But that conclusion would be simplistic. There are other districts with few corporate referrals, such as South Dakota, Oklahoma East (Muskogee) and Oklahoma North (Tulsa), that rarely prosecute those referrals they receive. And among the list of the ten districts with the highest prosecution rates were Louisiana East (New Orleans) and Florida South (Miami), both with a comparatively large number of referrals.
At the other end of the scale among the nation's ninety-plus judicial districts were four where every one of the incoming agency referrals went nowhere. On this particular list was Alabama Middle (Montgomery), Michigan West (Grand Rapids), Oklahoma North (Tulsa) and New York East (Brooklyn). See Table 2.
But in between these extremes were some obvious curiosities, most prominent among them New York South (Manhattan and White Plains), the home of Wall Street and the headquarters for many of the world's richest corporations. Some would describe it as the world capital of capitalism.
A long line of U.S. Attorneys in New York South have bragged about how this office and the prosecutors who work there are the cream of the crop when it comes to dealing with corporate crime. This may be so, but according to the Justice Department records from FY 2010 to FY 2014, this office was responsible for criminally prosecuting only 6.1 percent of its criminal referrals — or just 11 companies.
This relatively low prosecution rate means that, despite the top ranking place it has long claimed, New York South ranked only 71st among the 90 judicial districts. By this measure, way above New York South were Washington West (Seattle) with a 23.9 percent prosecution rate, California Central (Los Angeles) with 15.3 percent, Pennsylvania East (Philadelphia) with 11.9 percent and Michigan East (Detroit) with 9.6 percent of corporate criminal referrals being prosecuted.
Of course, the type and quality of criminal referrals coming into the offices of each U.S. Attorney can also be expected to vary. This is unquestionably a factor in the district-to-district variation observed. We next examine the work of the investigative agencies that refer corporate cases and also the types of offenses represented.

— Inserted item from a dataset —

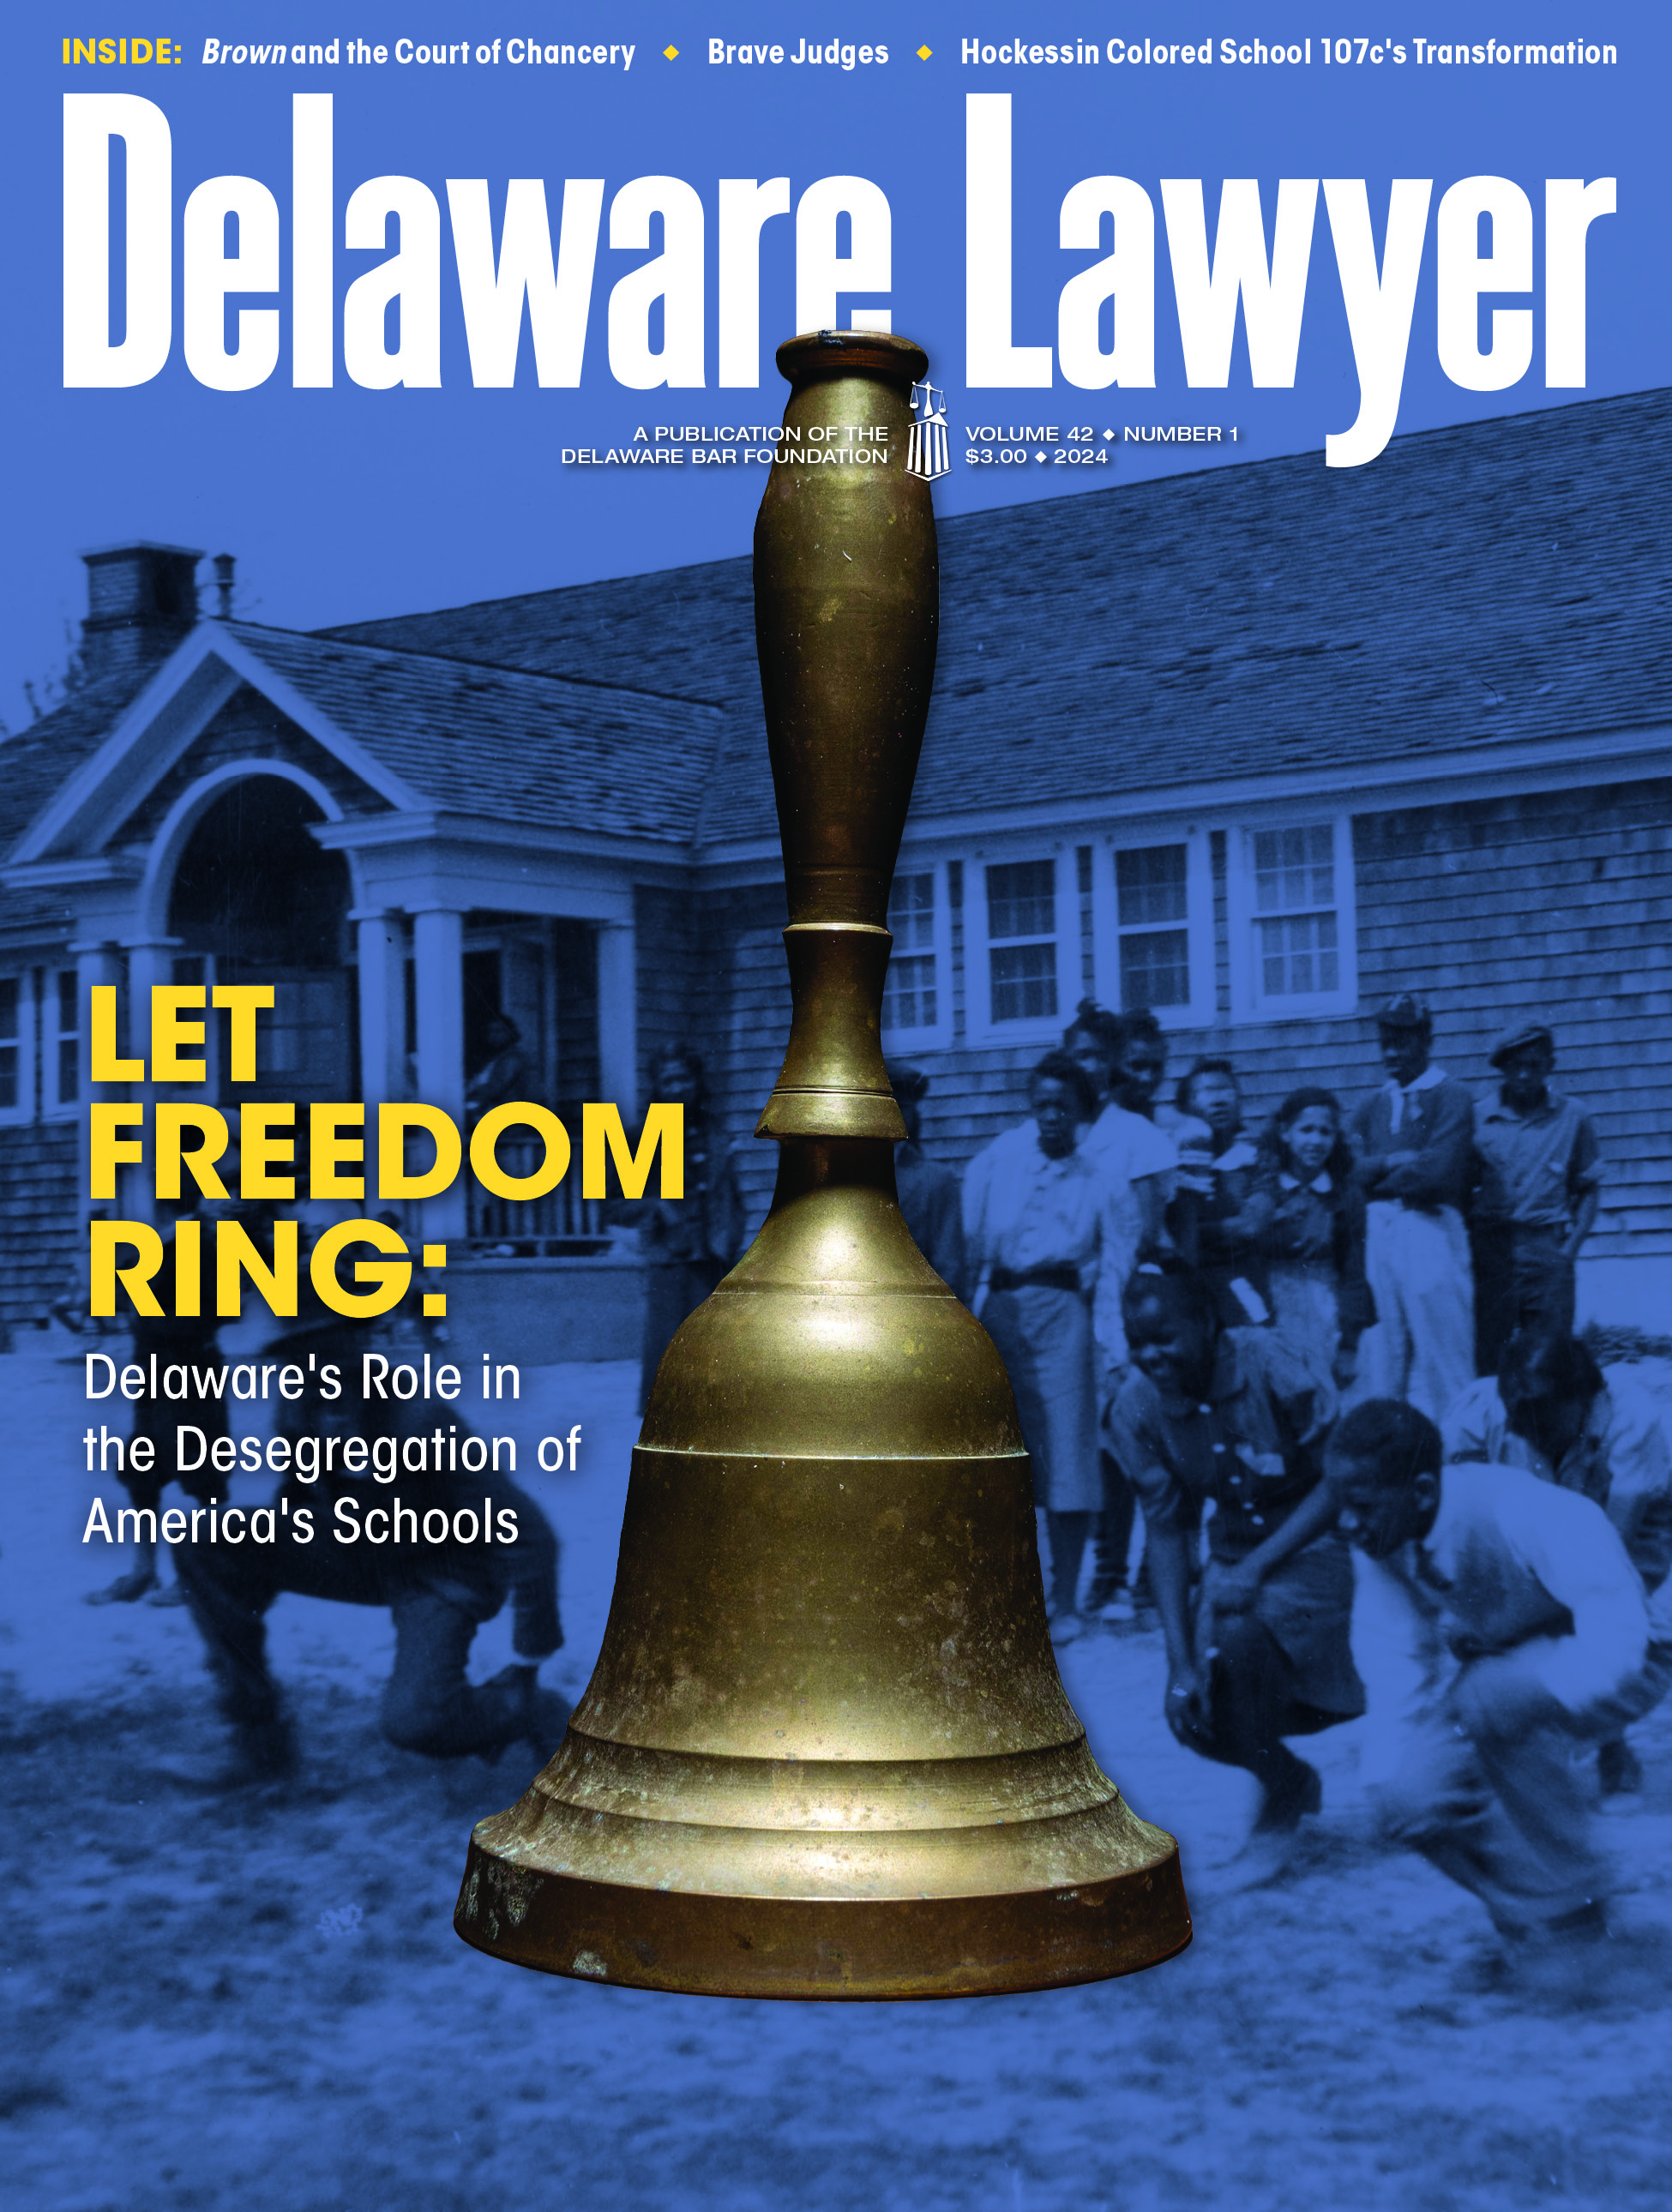 LET FREEDOM RING: Delaware's Role in the Desegregation of America's Schools

Who Investigates the Corporations?
In the five-year period covered in this report, a surprisingly large and diverse array of government agencies made criminal referrals to federal prosecutors involving alleged corporate misdeeds. From FY 2010 to FY 2014, government records show the referrals in question came from 146 different agencies. A total of 35 agencies — including the Nuclear Regulatory Commission, the Federal Trade Commission, the U.S. Army Corps of Engineers, Amtrak, and the Bureau of Mines — were recorded as making only a single referral.
The lion's share of the recommendations, however — more than four out of five of them — came from a relatively small number of departments and widely recognized federal investigative and independent agencies. The "top ten" are listed in Table 3, along with their number of criminal referrals.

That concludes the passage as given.